I ran the Fall Classic 10 KM and completed the RunVan Hat Trick, and while my time I cannot call disappointing I did run several minutes slower that the Turkey Trot 10 KM just a few weeks earlier. It is equally amazing and amazingly frustrating how quickly my stamina has diminished since cutting then quitting running while trying to nurse my knee back to not-hurting-all-the-time-except-when-running. If losing my endurance is the most frustrating, the annoyance that my knee hurt all the time since mid September except when I’m running, is a very close second most. I ran twice after the Fall Classic and then went to physio and ended up back at square one and I think my physiotherapist was as frustrated as me. So I took the rest of the month off. I’m slowly easing myself back into it. Slowly as in way to slow for my head, but a bit more quickly than my physiotherapist would like. I’m trying to find the balance of the two. That means that I’m not going to meet my goal of 2,600 KM in 2017, but I’m okay with that. I’m not great with that, but I’m already looking forward to 2018. The Vancouver First Half is just eight weeks away, and then the BMO Marathon is 12 weeks after that. Time to get my legs and lungs back.

snowed in in harrison

Books Read:
5. Inside of a Dog — Alexandra Horowitz
6. On Bullshit — Harry Frankfurt
7. The Last Gang in Town — Aaron Chapman
8. How Proust Can Change Your Life — Alain de Botton

Kilometres Ran:
week four — 40.9
week five — 12.1

To date: 228 km

It seems like I’ve been reading a lot when I put it here, but it doesn’t seem like a lot in real life (this isn’t real life this is the internet). Inside of a Dog was pretty good. It wasn’t really well written in that I think that it could have been maybe half its length, but it had a lot of information that I didn’t know, and I learned a few things that I thought I knew about dogs are, in fact, myth. I still don’t think I’ll get a mutt, but I’m closer to being talked into the idea. On Bullshit should be required reading for our time. Last Gang is about as much fun as nostalgia can be, I suppose. Proust didn’t change my life, but de Botton/Proust left me with some stuff to think about.

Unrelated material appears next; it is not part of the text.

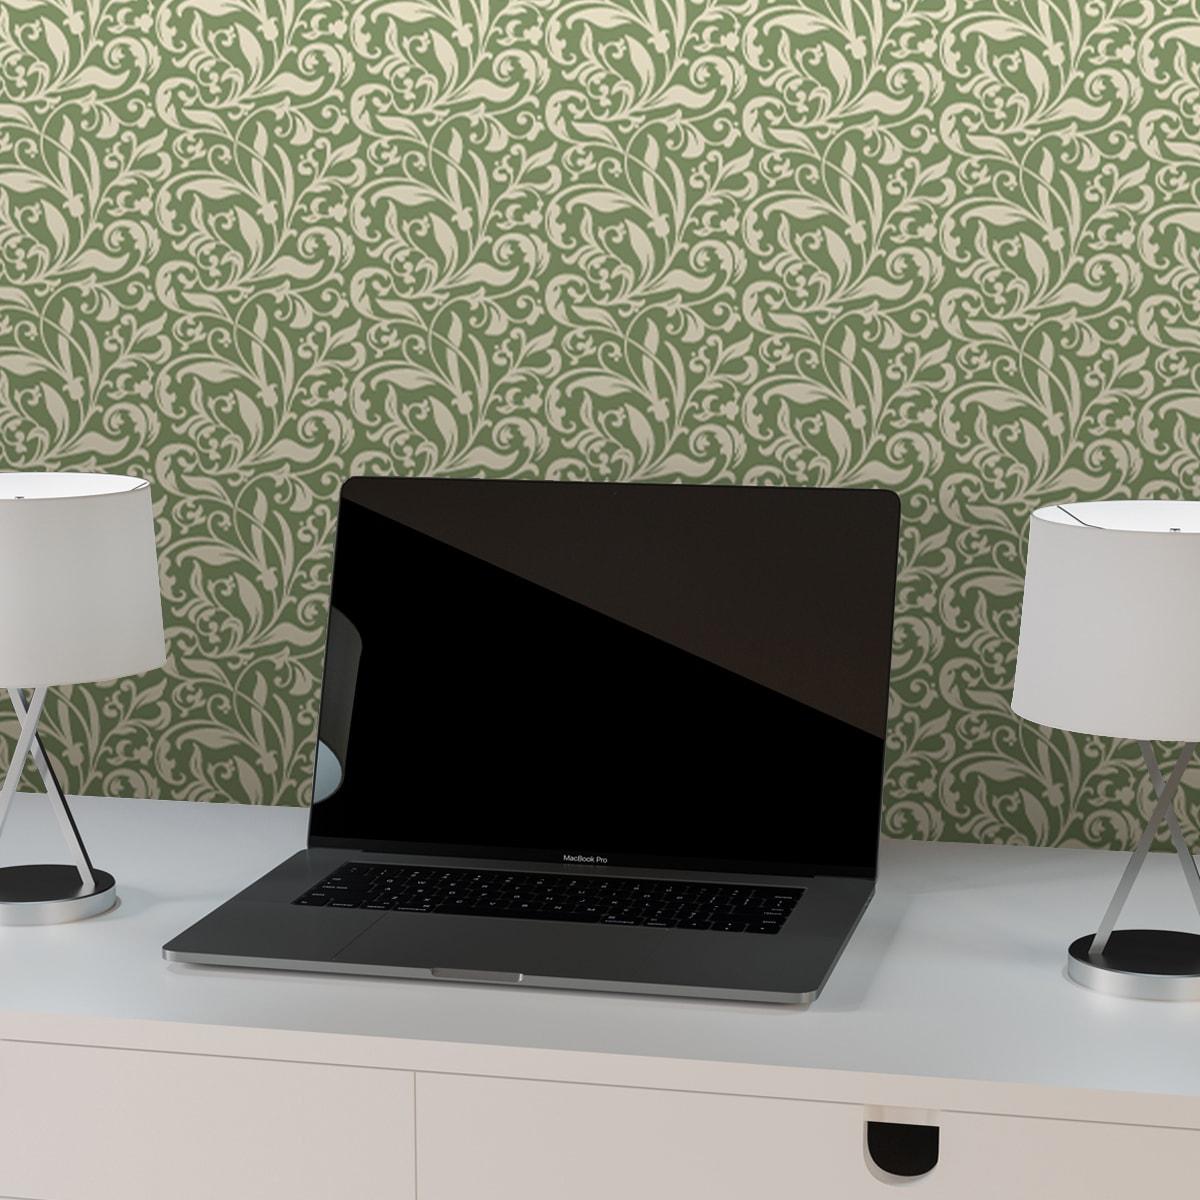 """Küchentapete grün: """"Victorian Delight"""" - edle florale Tapete mit victorianischem Blatt Muster grün Wandgestaltung Büro Küche Flur"""
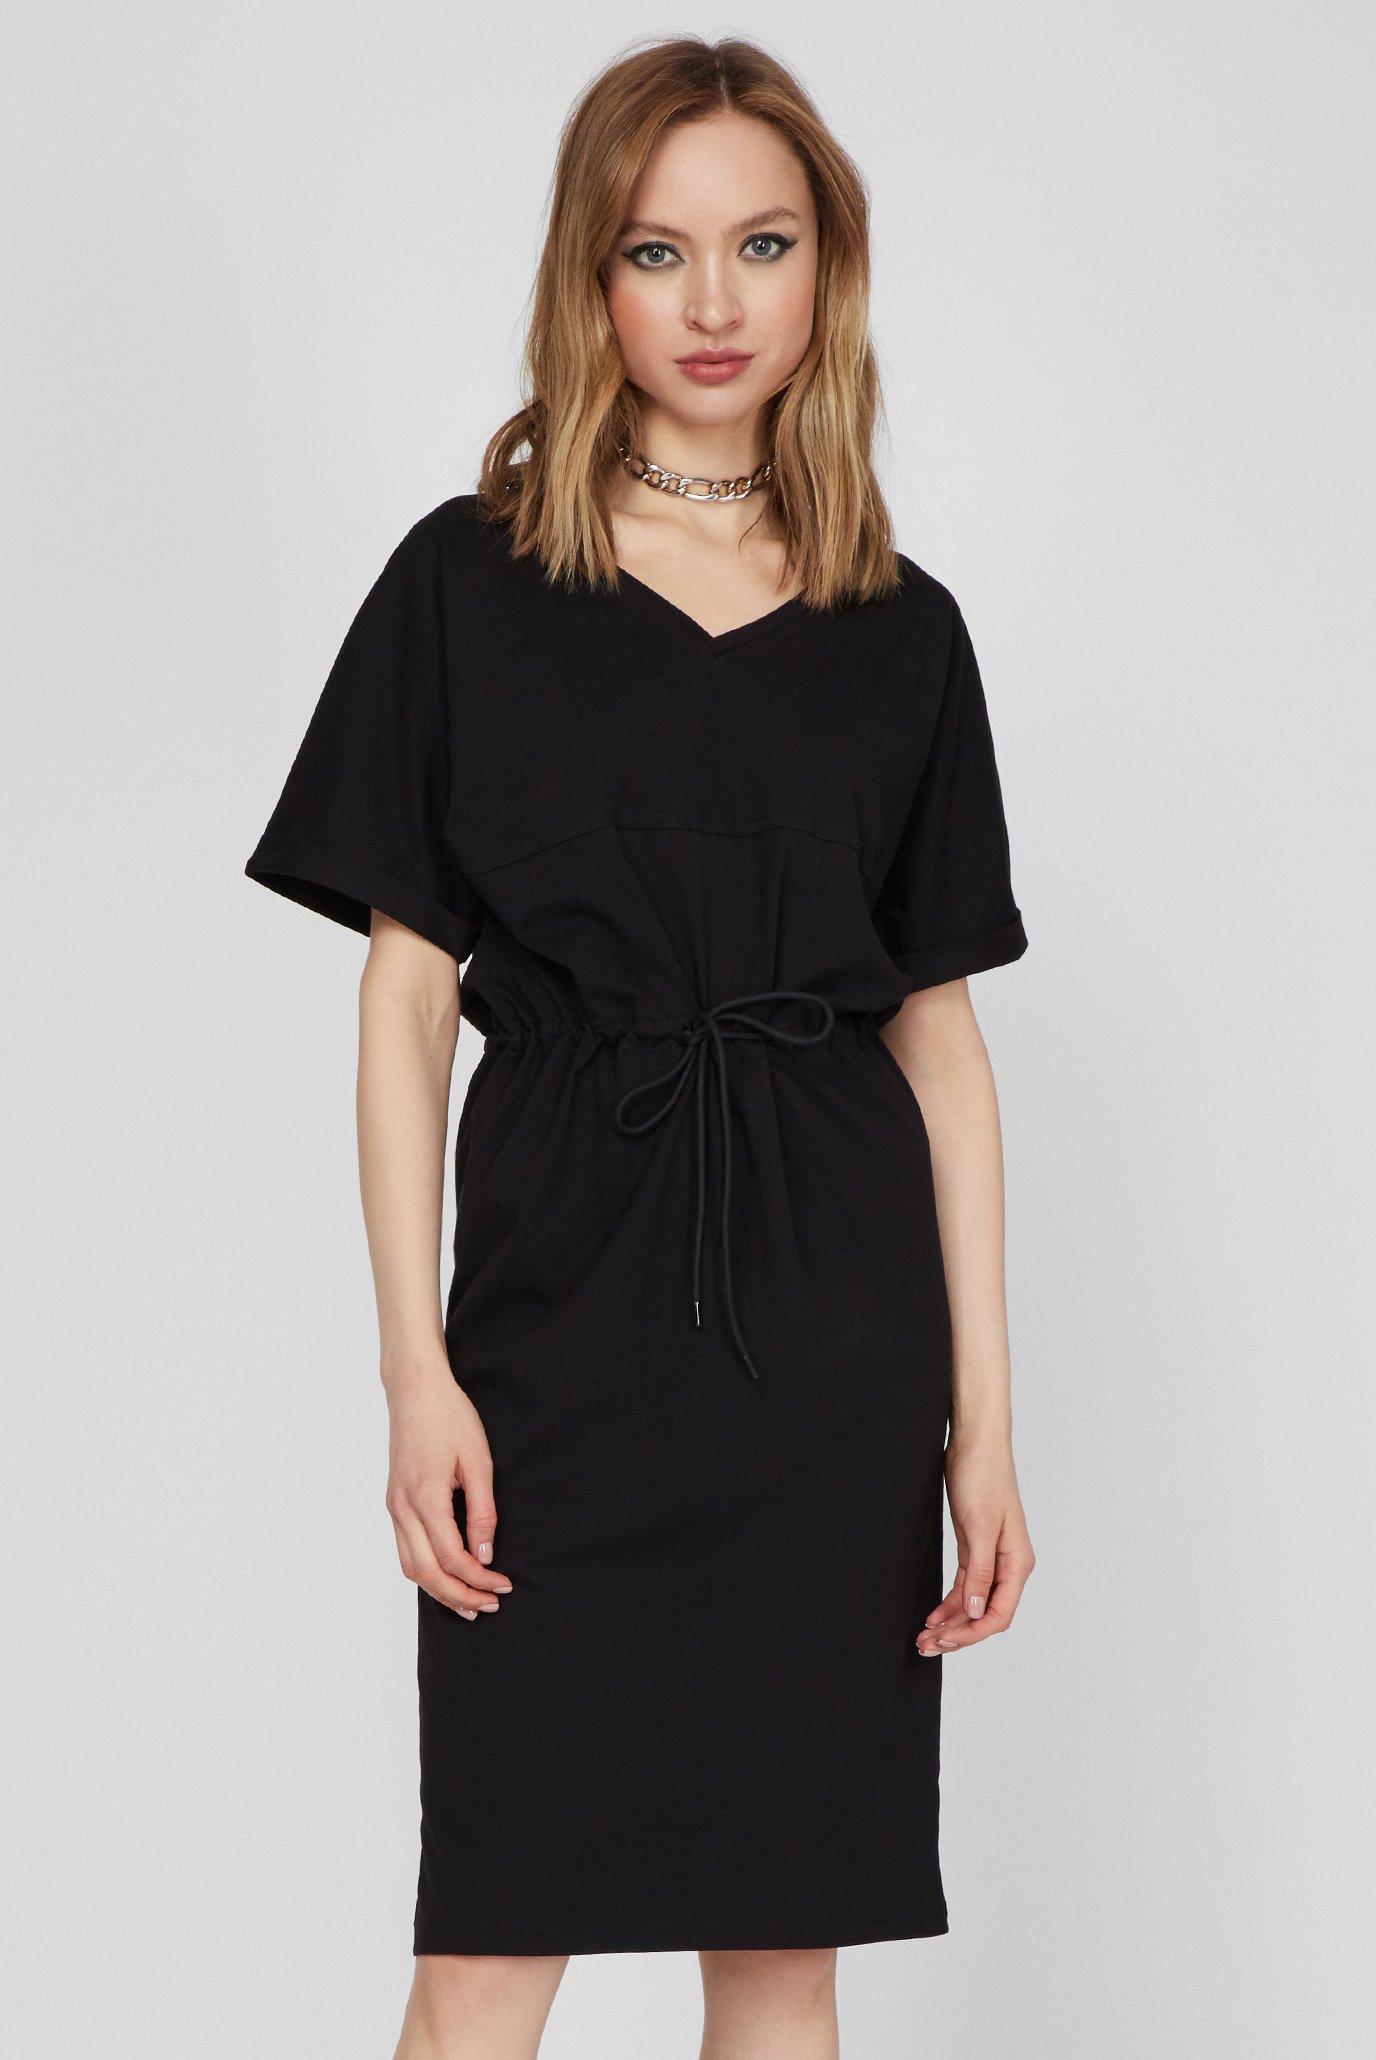 Женские черное платье Adjustable waist 1

Running was pathetic, as you can see. I’m annoyed. I don’t know what I’m doing with this thing that I’m supposed to be doing called a “taper”. I’m probably doing it wrong. Week four was fine and then in week five I had planned to run Wednesday (and did) and then on Friday run over to Forerunners on West Fourth to pick up my race package for the Vancouver First Half, which I did not because it was a wet blizzard. Then I was going to do a short five-to-eight on Saturday but because I didn’t go to Forerunners on Friday I was going to do that on Saturday instead but the weather again was terrible and the weather doesn’t really bother me that much but the roads and sidewalks were predominately impassable. And then the news came that the Vancouver First Half was canceled. So I didn’t run this morning. I ran 12 kilometres this week and now I’m sitting in my hotel room that smells like vomit (not mine) at Harrison Hot Springs (that also has such terrible wifi that I’ve had to tether to my phone tor write this) for a week of CLC Winter School and it looks as though the only running I’m going to get to do this week is on a treadmill. I’ve never ever run on a treadmill, so that should be interesting. But I want to run to Sasquatch Park at least once. So we’ll see.